Everything is digital these days – but then you have to go to a live event and have nothing except your business cards to promote your business. It’s time to create a flyer.

Before you call up your designer or open Photoshop, think about what you want to achieve and the best way to do that.

What’s the message?

I go to a lot of networking events and pick up lots of flyers covered with information, many with no clear message. They just seem to be general information leaflets – with a ‘this is everything we do’ type of message. Most of them go into the recycling bin!

If you’re going to invest in a flyer what do you want people to do when they read it? What needs to be included in the message to increase the chance of them doing that?

Invest time in creating a great headline

Your headline should get attention and all the great copywriters emphasise that you should spend 80% of your writing time in crafting a really good headline.
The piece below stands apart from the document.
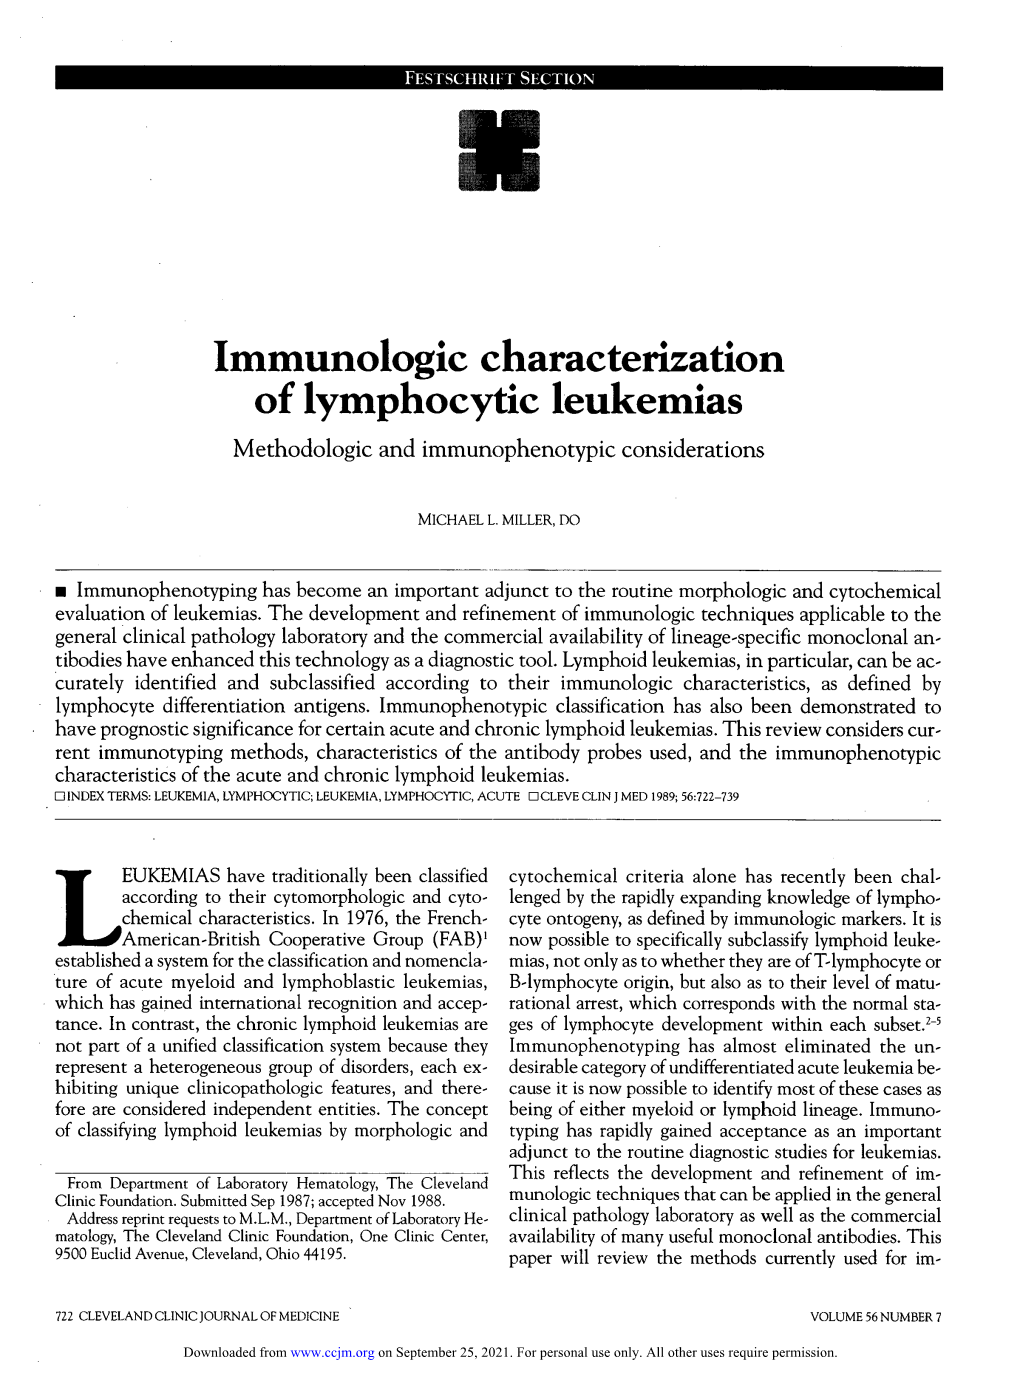 Immunologic Characterization of Lymphocytic Leukemias Methodologic and Immunophenotypic Considerations

To do this you need to know your target audience very well – what words will they respond to? You need to get their attention quickly – and get them to want to find out more.

Make sure your headline stands out

Don’t bury your headline in a sea of copy and graphics. White space may be expensive when you have so much to say and only a small area to say it in, but it’s much more expensive to fill it up and lose both the impact and the connection with your reader.

If you’re having a two-sided flyer consider giving one side to your headline with some appropriate graphics – and maybe a one-line introduction that makes people want to turn it over.

Three tips to increase retention

  1. Paper flyers are really easy to scrunch up and throw away, which is why I recommend that clients think about investing a small amount more and having your flyer on card.
  2. What size should it be? One of the most effective sizes is a tall card that is one-third of an A4 page. Some people use the whole A4 sheet and fold it into three to make a small trifold brochure. This size fits in most bags and the inside pocket of a jacket too. It’s also easy to pop into a standard envelope. Postcard size works too, but A5 can be just that bit too big to fit anywhere.
  3. Have information that is of value. Five tips, three steps, a 10 point checklist. This ensures that it stays around people’s desks for longer as there’s useful information on it.

One word of warning – don’t DIY (unless you’ve studied graphic design)! Get a designer to put it together, it will look so much more professional.